Её увезли из Петербурга девочкой и только однажды, в эпоху розово-лысого кремлевского шута, вернулась она в Россию, да и то лишь на несколько часов. Таксист, промчавший ее по Невскому, долго возивший по набережным и каналам, по Васильевскому и все дальше по мостам на Острова, где возле одной полуживой дачки попросила она остановиться и долго курила, посматривая на бордовую вывеску с немыслимой, из одних согласных, аббревиатурой, получил целую кипу, ворох, десятирублевок - они ей были не нужны.
На обратном пути, в последний раз бросая взгляд на нежно-голубые дворцы, на фарфорово-хрупкие соборы, золотой шпиль, горевший на крепостью, она сказала:
– И зачем вам такой город...
И, откинувшись на сидении, закрывая глаза, приказала: - В аэропорт!
В Париже, вечером того же дня, окруженная, словно больная, друзьями, она разводила руками, повторяя:
– Это как аквариум, из которого выпустили воду... Старый растрескавшийся аквариум...
Перед войной она была признана лучшей женщиной-охотницей. Она знала Африку лучше, чем родовое имение мужа в Иоркшире. Он, "ее Гаррик", плавал под английским флагом, она спала под москитной сеткой - трехствольный "ауэр" в ногах. Когда муж и жена спят разделенные тысячами километров, браки зачастую длятся долго. Они развелись уже после войны в Лондоне и, сразу же после развода, отправились в первый же попавшийся отель, где провели самые безумные, самые счастливые часы совместной жизни.
Гаррик вскоре погиб и друзья намекали, что развод был большой глупостью - они вплоть до его последнего рокового плаванья, когда рогатая мина, как заказная бандероль от дьявола, нашла-таки адресата и весело ухнула тонной теплой средиземноморской воды, вплоть до этого его окончательного отъезда - они жили вместе.

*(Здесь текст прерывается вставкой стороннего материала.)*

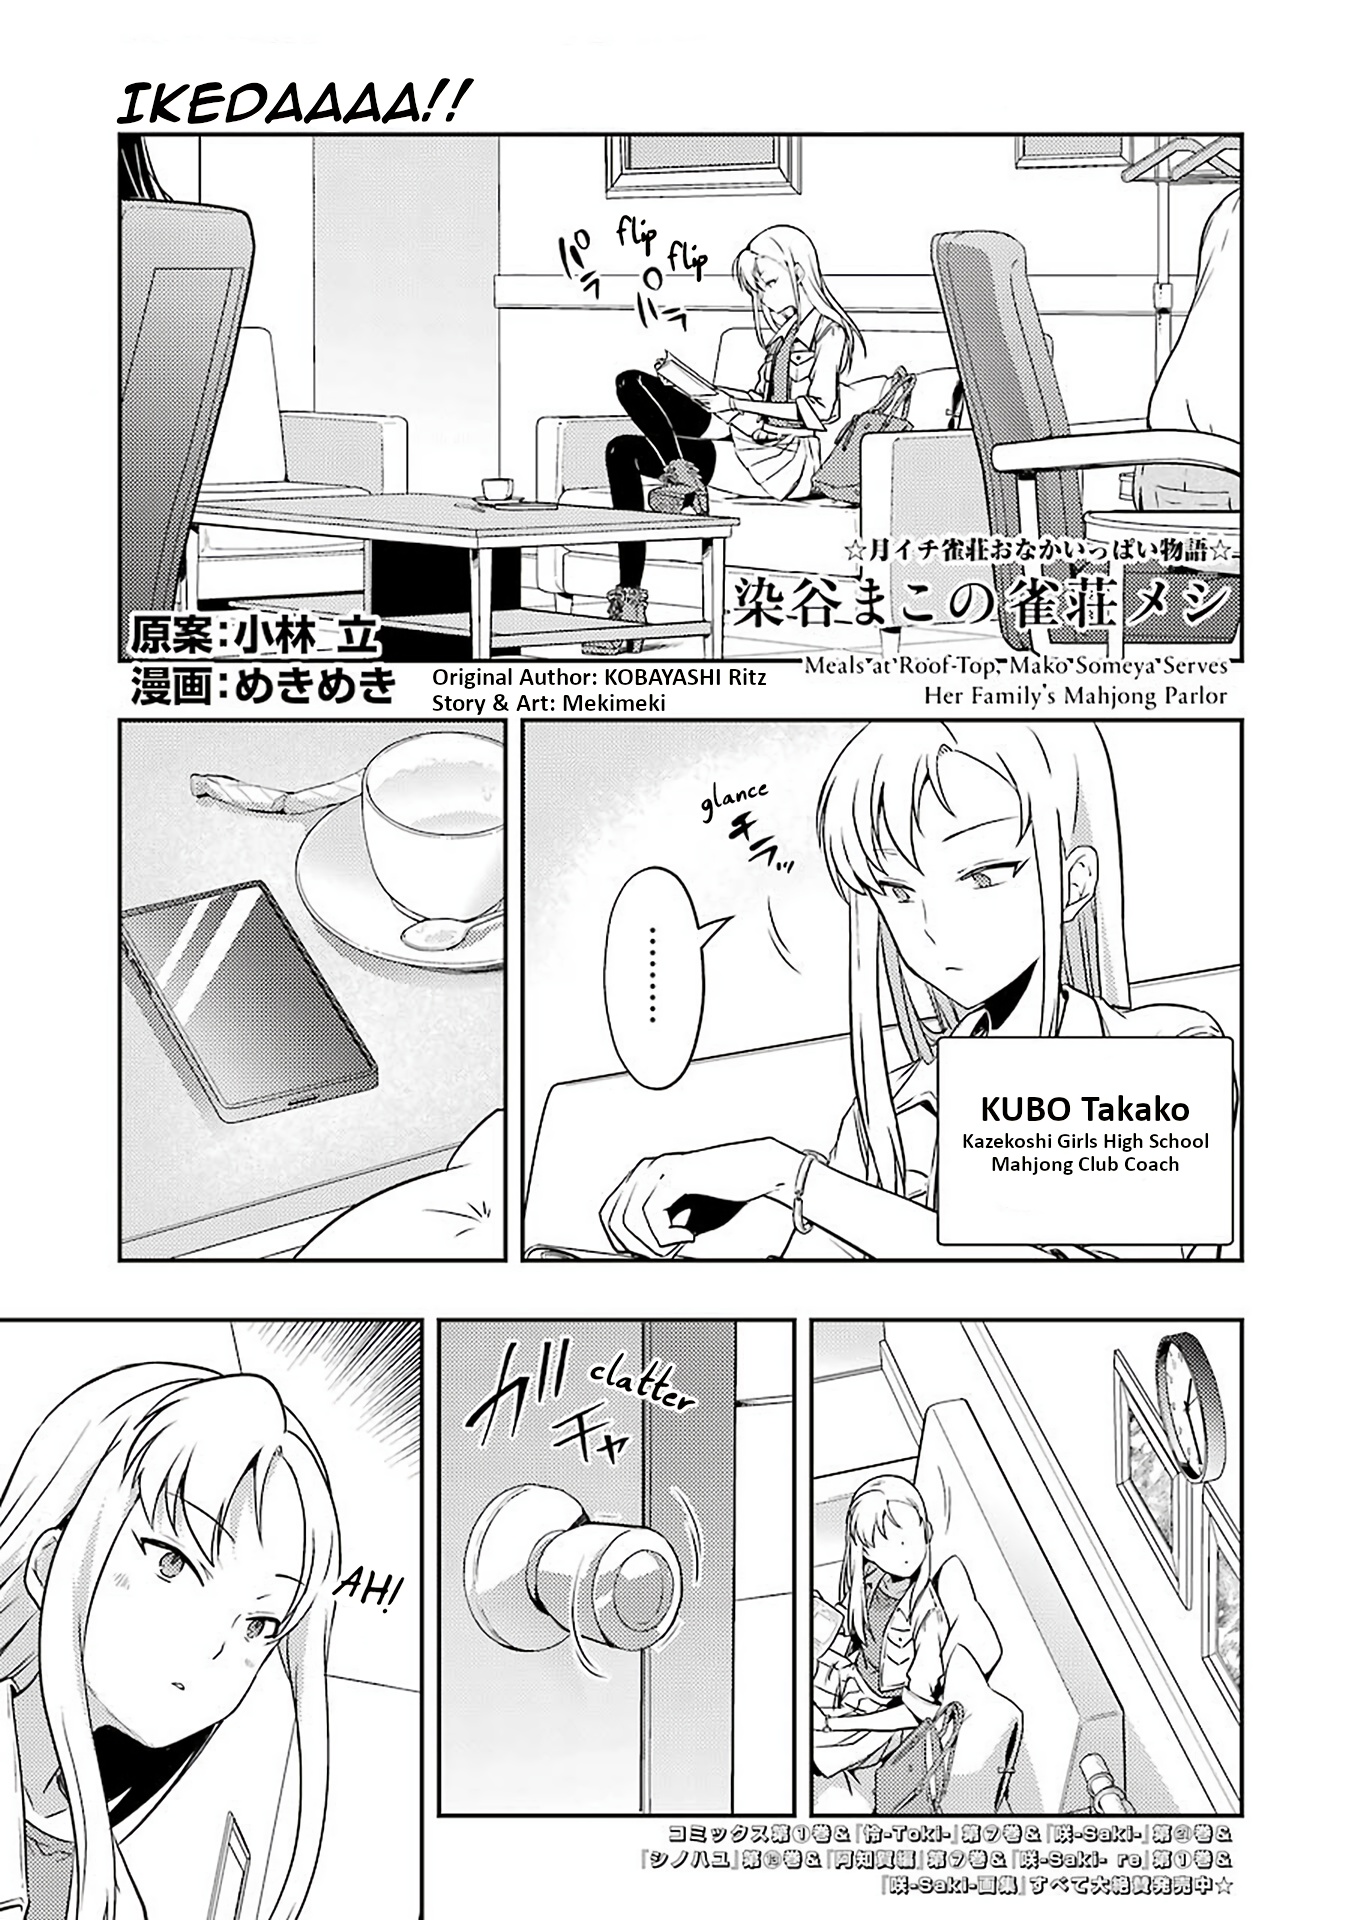 Someya Mako's Mahjong Parlor Food - Page 1

На эти замечания Татьяна морщилась. Какая разница - быть в разводе или быть вдовой? "Разведенной вдовой", говорила она. Что касается денег, они интересовали ее и того меньше: в рулетку она не играла, а другого фатального способа истратить свои миллионы она не представляла. Отец ее еще до революции вложил деньги сначала в нефть и кобальт, а потом в недвижимость. Паспорт у Татьяны был швейцарский и, время от времени, без особого удовольствия выполняя предписания префектуры, она отправлялась подышать горным воздухом. В эмиграцию, говорила она.
* *
– Рассказывайте,- приказала Татьяна, медленно шаря биноклем по окнам нависшей над садиком многоэтажки.
– Что он там натворил? Убил президента? Подхватил HIV?
– Он мне ничего толком не объяснил,- Борис проследил за взглядом Татьяны. На балконе седьмого этажа стоял краснолицый бугай в семейных трусах - плешивый, животастый, потягивающий пиво из банки.
– За ночь моя сетка принимает пять-шесть таких банок и, увы, иногда и бутыль из-под какой-нибудь гадости,- оскалилась хозяйка.
– Руки просто чешутся... Для хорошего выстрела этот идиот - слишком легкая мишень... Как же мы все испорчены гуманизмом!